22. BELLOW, Saul. The Adventures of Augie March. NY: Viking, 1953. The first edition, first issue, of the Nobel Prize winner's third novel, and the first of his three National Book Award winners -- an unprecedented accomplishment in American literature. Trace tanning to spine cloth and faint erasure on half-title; else fine in a very close to fine dust jacket with subtle color added to the spine extremities. A very nice copy of one of the high spots of postwar American fiction.

23. BENCHLEY, Nathaniel. Side Street. NY: Harcourt, Brace (1950). The author's first book, a novel. Benchley, the son of writer Robert Benchley -- of Algonquin Round Table fame -- and father of Peter Benchley -- author of Jaws, among others -- is most noted for his many children's books. This copy is inscribed by the author: "For:/ Michael Stone/ What are you/ doing after the/ show?/ Nathaniel Benchley/ 23 February, 1950." Dusty top edge; else fine in a very good dust jacket with small chips at the spine extremities, rubbing at the folds, and some small staining to the rear panel. An uncommon book signed.

24. BLAZEK, Douglas. Two Poems. San Francisco: Cranium Press, 1970. A broadside printing two poems from his then-forthcoming twowindows press book. 11-1/2" x 20". Folded once; light edge creases; near fine.

25. (Book Collecting). AHEARN, Allen and Patricia. Collected Books: The Guide to Values, 2002 Edition. NY: Putnam (2001). The latest edition of the standard guide to book values by the authors of Book Collecting. This volume updates their 1991 and 1998 Collected Books, with values for more than 20,000 books and a section for identifying first editions. The Ahearns have put together the most useful single-volume reference books in the book trade. The listings in this guide include not only estimated prices but details regarding issue points where applicable. This is probably the only book that virtually every dealer in the U.S. owns a copy of and is indispensable, both for dealers who must assess a wide range of material and for collectors who focus in one or a few areas. Just the changes in values since the last edition was published in 1998 are an invaluable reference and can easily repay the cost of the book. An essential guide. Signed by the authors. New. List price:

26. BOOTH, Stanley. Rythm Oil. A Journey Through the Music of the American South. London: Jonathan Cape (1991). The first U.K. edition, with a suite of color photographs by William Eggleston at the front of the book, and black-and-white photographs throughout, that do not appear in the American edition. Signed by Booth. Fine in a fine dust jacket.

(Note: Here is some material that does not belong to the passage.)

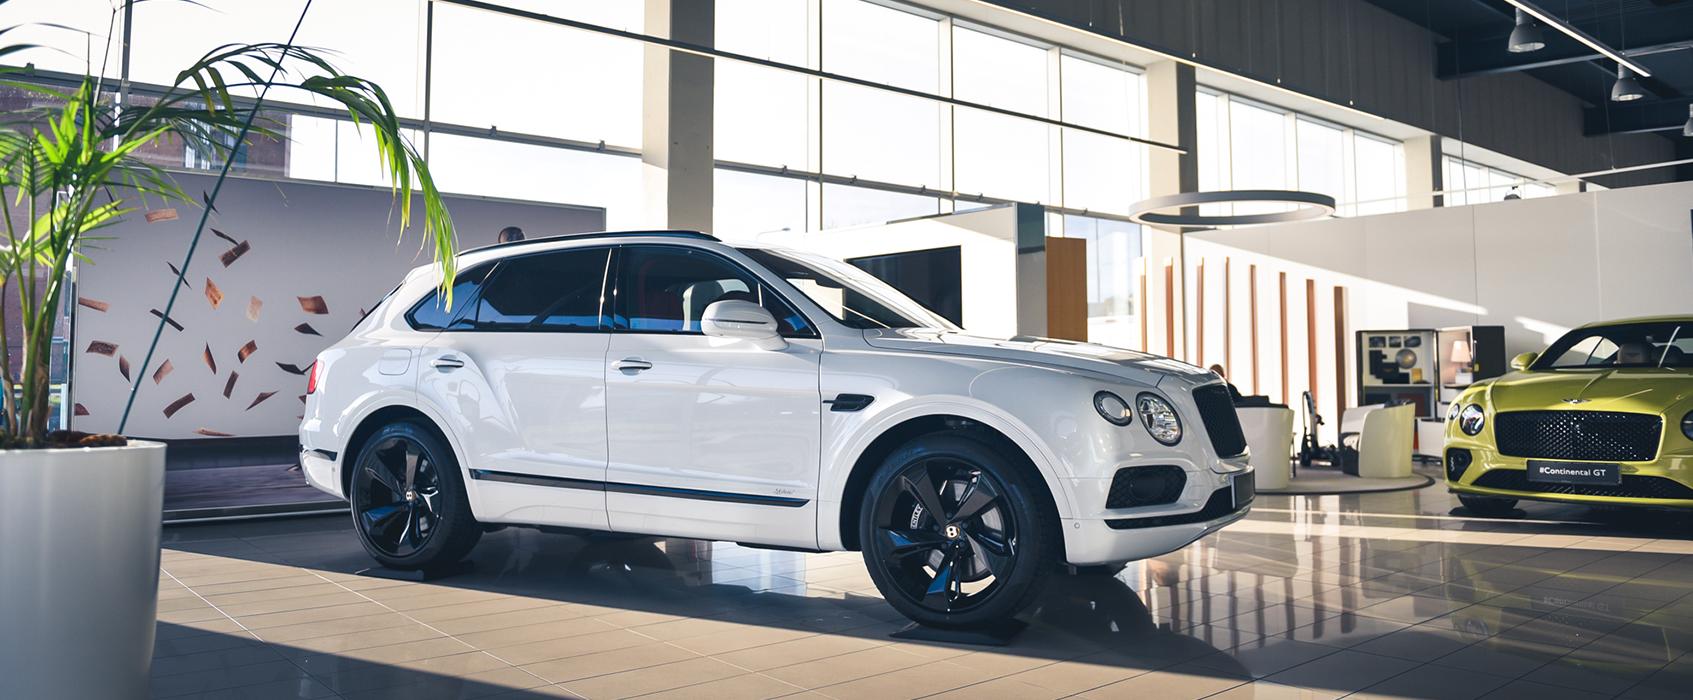 Bentayga Hybrid Bentley namuose Vilniuje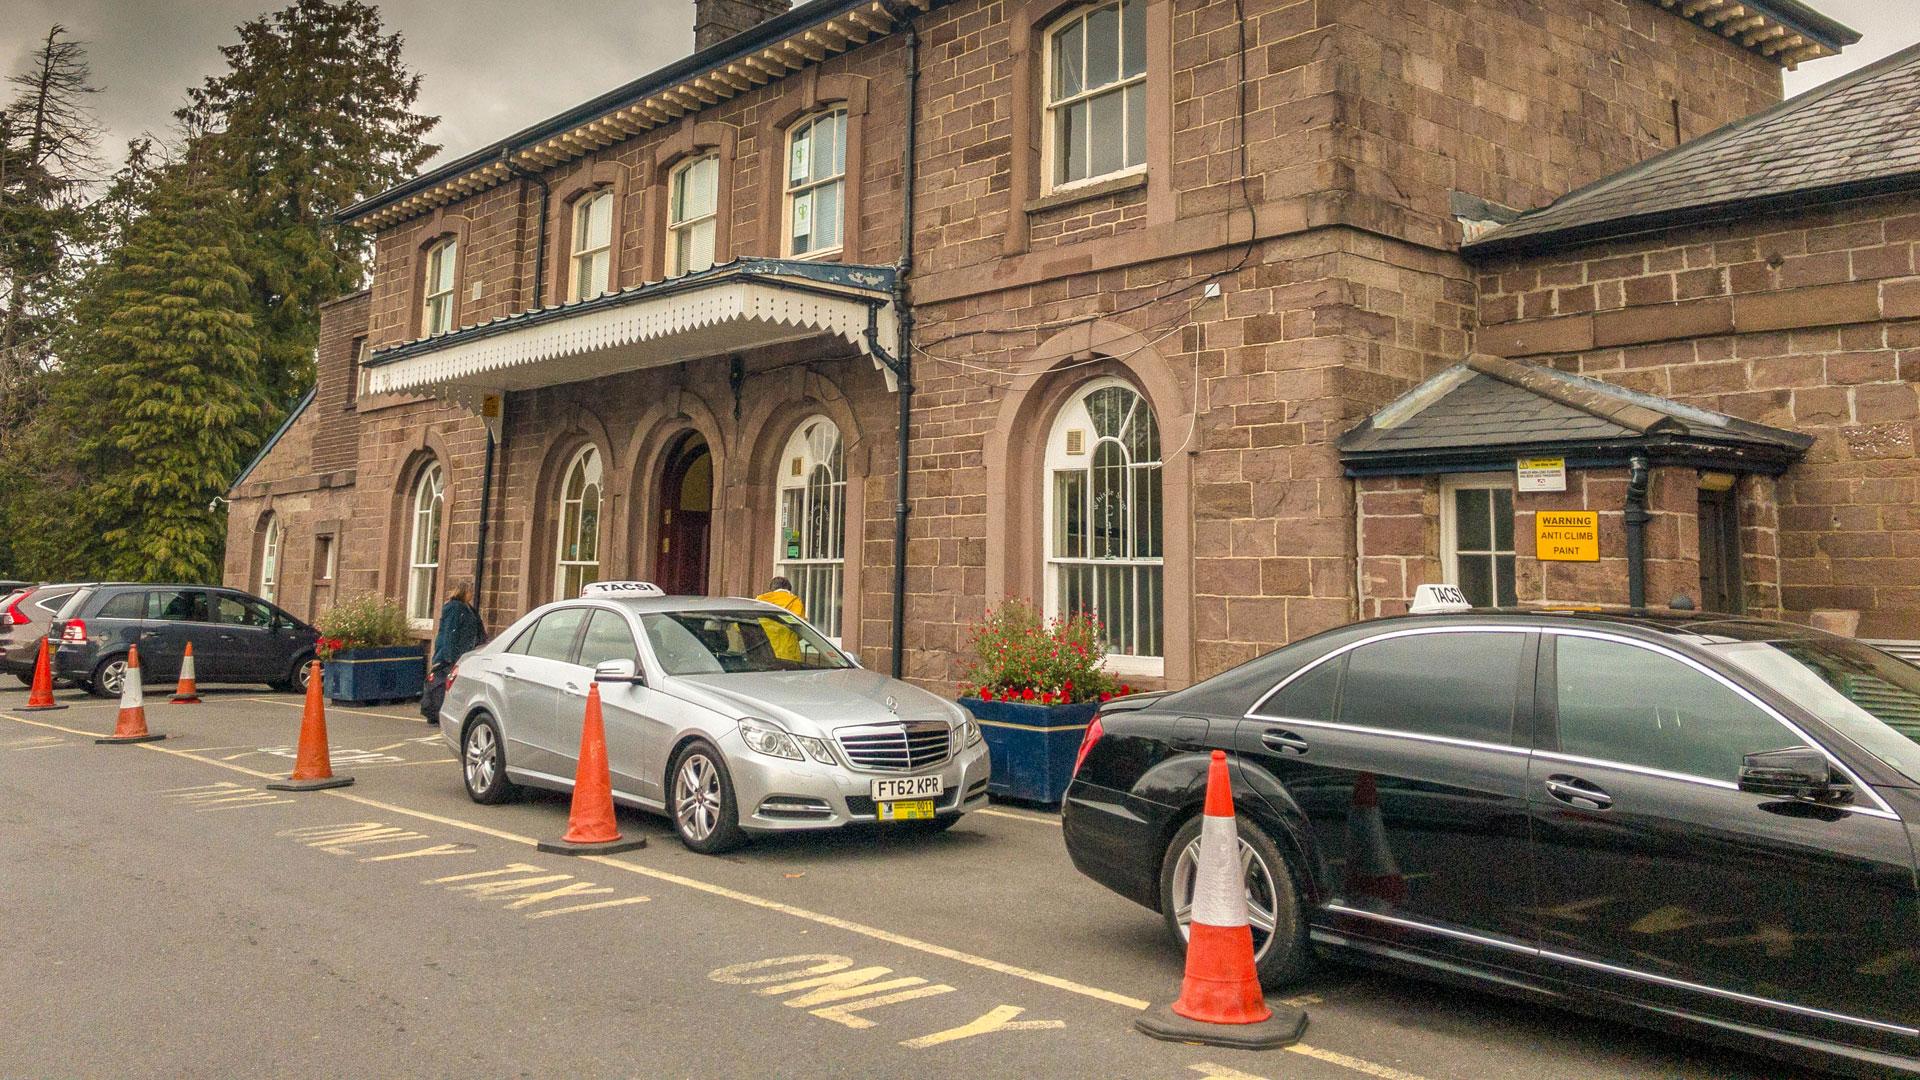 Taxi cabs Abergavenny

27. BORGES, Jorge Luis. Ficciones. Buenos Aires: Sur (1944). The first edition of Borges' most famous work, the book which, when translated into French won the Prix Formentor and when translated into English won Borges an immediate following and placed him at the head of a whole generation of writers experimenting with the forms and structures of fiction: Barth, Barthelme and the other (North) American writers of the Sixties drew inspiration form Borges' "fictions." He has been called the greatest writer not to win the Nobel Prize -- an honor that was reportedly denied to him for political reasons in the early 1970s. Beloved in his native country as a poet, admired worldwide for his "fictions," he was also a formidable scholar and translator. He translated Kafka from the German and Faulkner from English -- both of them writers of extreme subtlety and depth in their respective languages. He wrote introductions to American and English literature which are unparalleled in their succinctness and erudition. More than a decade after his death, he ranks as one of the half-dozen greatest figures of world literature of the Twentieth Century. Faint tape shadows to endpages, trace rubbing to corners and light vertical creasing to the spine; still a very near fine copy in original wrappers, with no fading to the spine and no rubbing to the pale blue wrappers: extremely scarce thus, and the nicest copy of this book we have seen in years. A beautiful copy of what is generally considered Borges' most important book.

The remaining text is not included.